Employers Should Act Promptly in Response to NJ High Court's Recognition of Employee's Right to Privacy in Lawyer-Client Emails Stored on Company Computers

Posted on April 1, 2010 by Privacy and Data Protection Practice Group

In a case with significant implications for all employers, the New Jersey Supreme Court ruled earlier this week that Marina Stengart, a former executive employee of Loving Care Agency, had a reasonable expectation of privacy in e-mail exchanged with her personal attorney through a personal, web-based e-mail account even though those communications were stored on a company-issued laptop. However, rather than limiting its decision to the facts of the case, that court went further, broadly stating that even “a policy that banned all personal computer use and provided unambiguous notice that an employer could retrieve and read an employees’ attorney-client communications . .. would not be enforceable.” In other words, New Jersey employers cannot properly read their employee’s e-mail exchanges with a personal attorney stored on company equipment — no matter what the employer tells its employees in its electronic resources policy.
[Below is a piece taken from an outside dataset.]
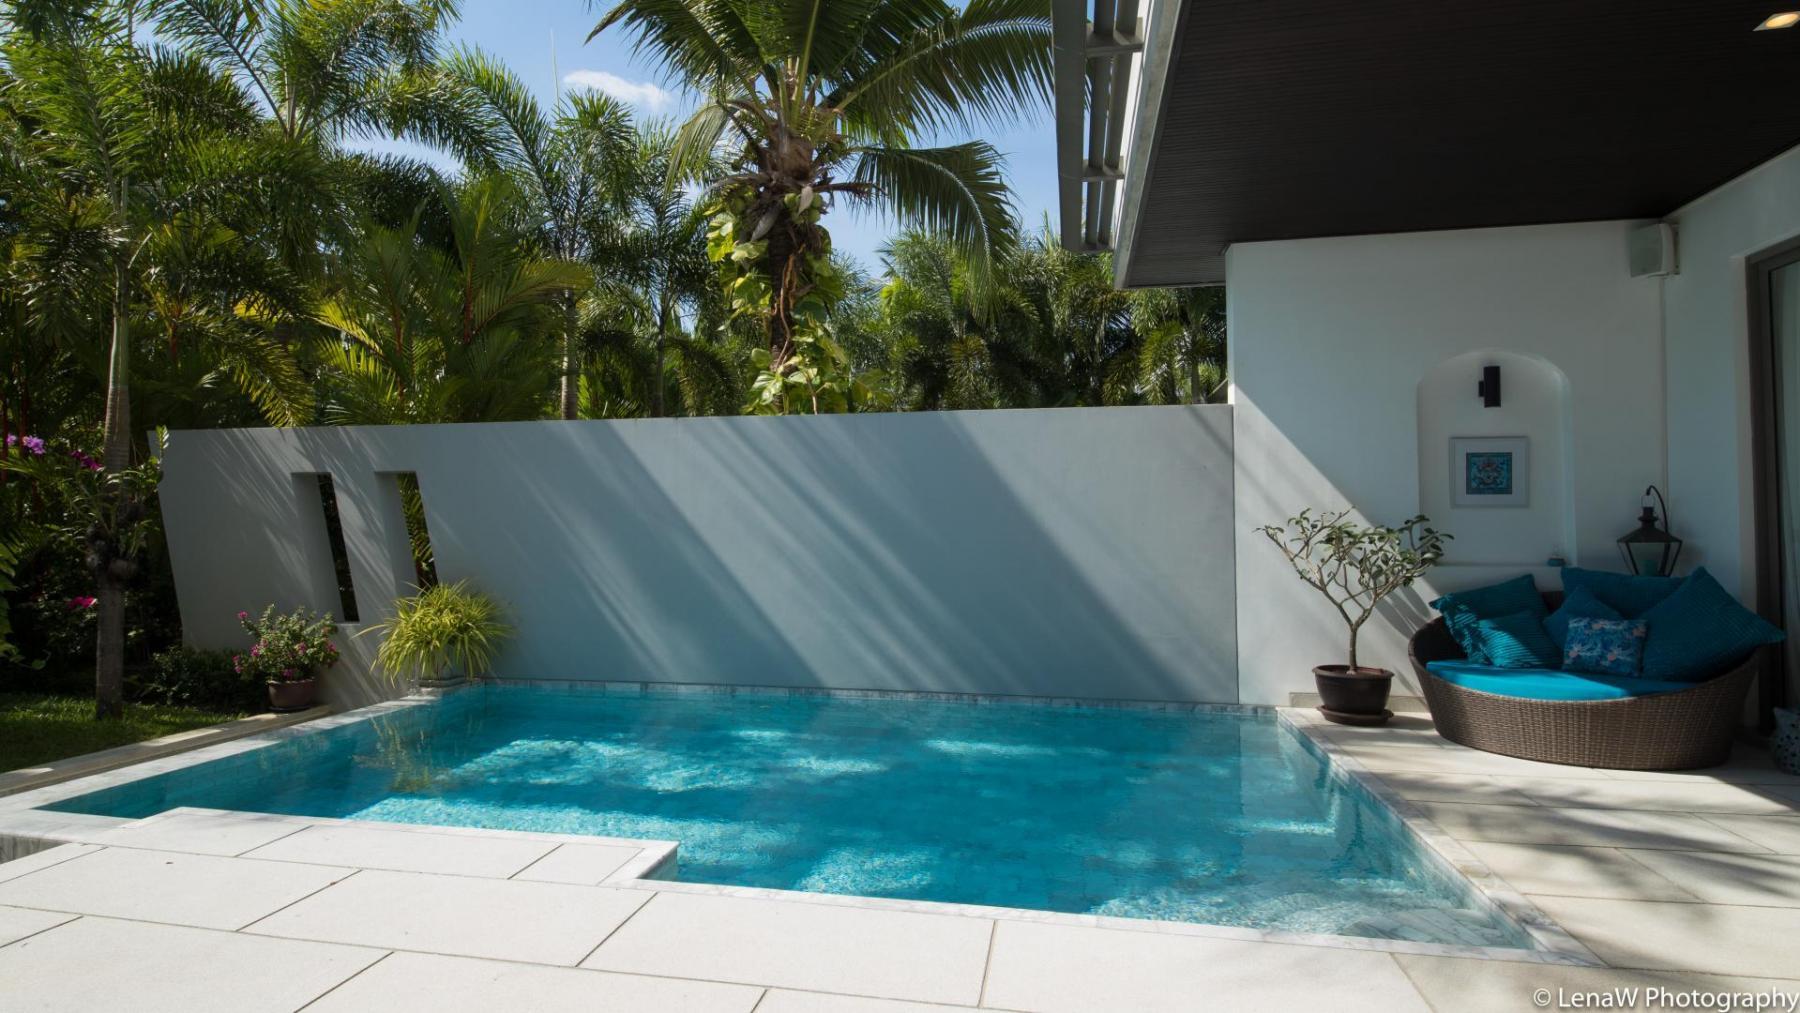 Luxury-Real-Estate-Properties-Phuket-Homes-For-Sale-Thailand-jpg-4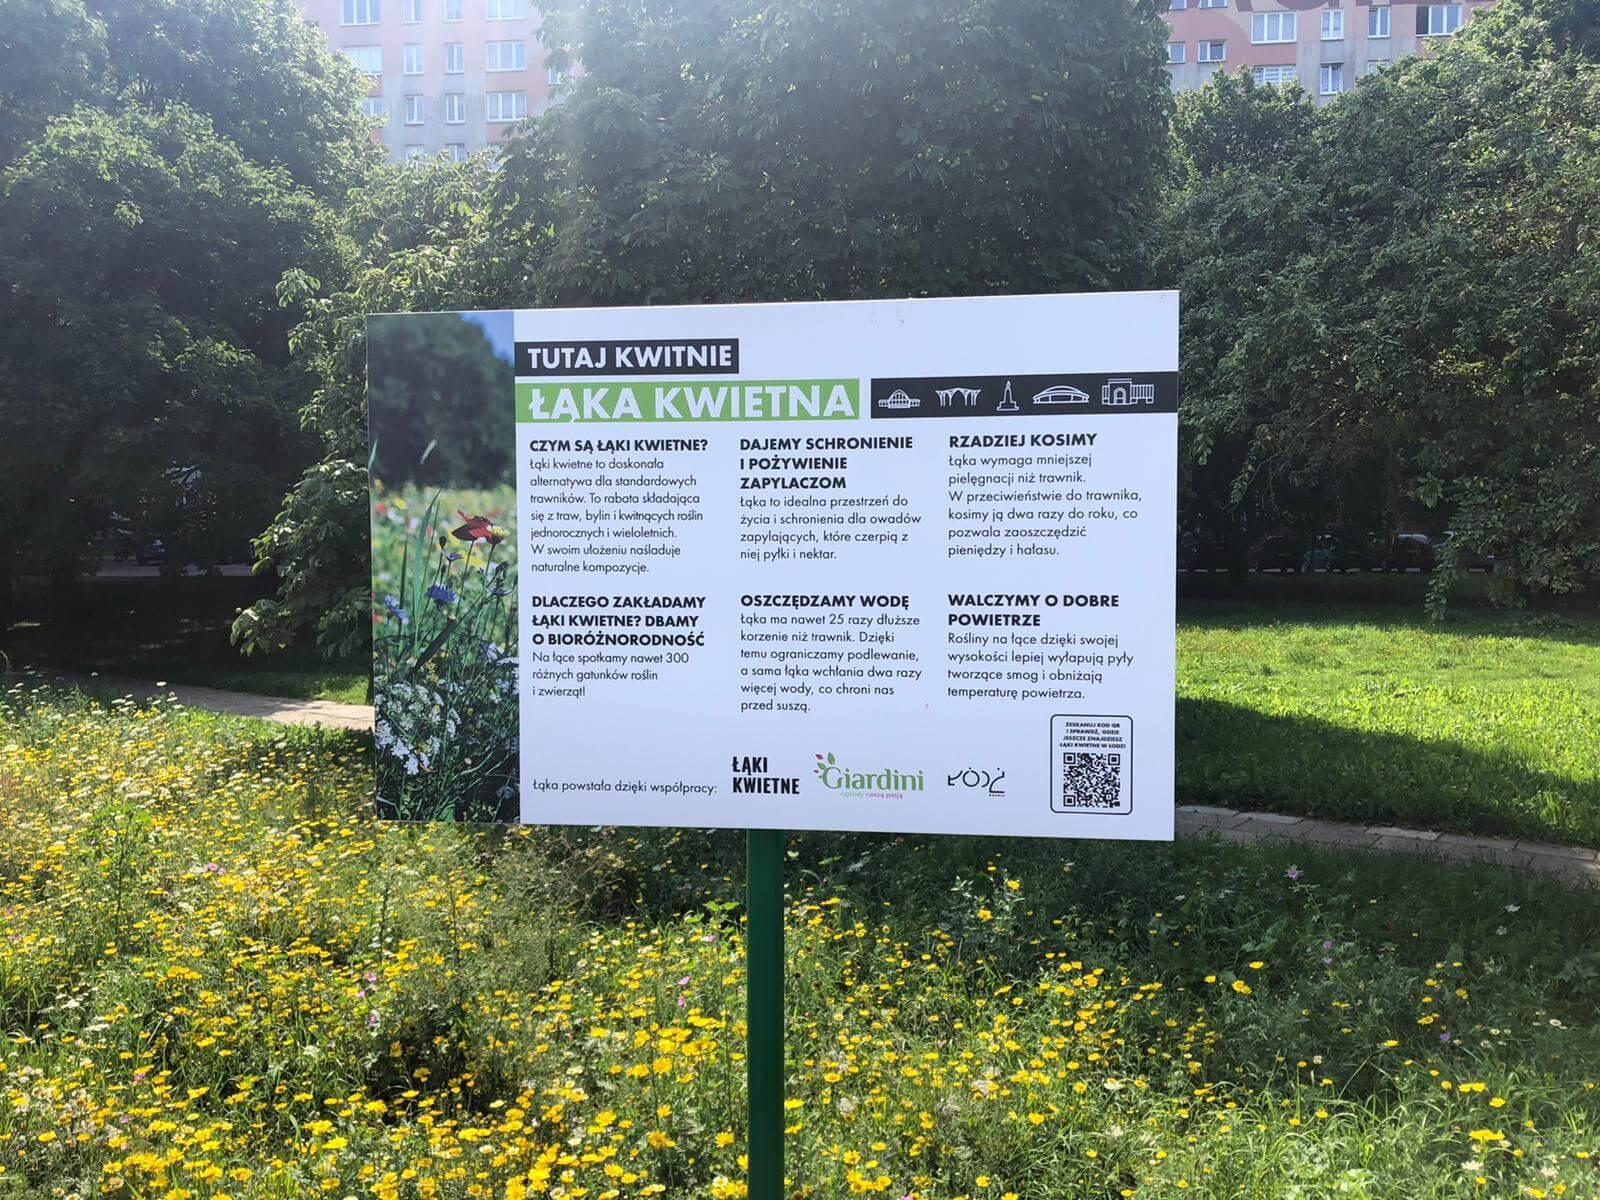 Łąka kwietna Łódź

Stengart also is significant because it illustrates the circumstances in which a court might find that an employee reasonably could expect privacy in e-mail stored on the employer’s electronic resources. To begin with, the New Jersey Supreme Court relied heavily on Stengart’s efforts to shield her e-mail from Loving Care. She used a private, personal, password-protected, web-based e-mail account, rather than the company’s e-mail server, and she did not save the user ID or password for that account on company-issued equipment. In addition, the New Jersey Supreme Court cited Stengart’s affidavit testimony in the trial court that she did not know that a duplicate of e-mail transmitted through a personal e-mail account would be saved in a temporary file on the company-issued laptop used to transmit the e-mail or that a computer forensic expert (like the one hired by Loving Care) could retrieve the messages. Finally, the court emphasized that reasonable privacy expectations customarily inhere in attorney-client communications (as opposed to communications that are unlawful or otherwise violate company policy), quoting in full the confidentiality notice contained in all e-mails sent by Stengart’s lawyer.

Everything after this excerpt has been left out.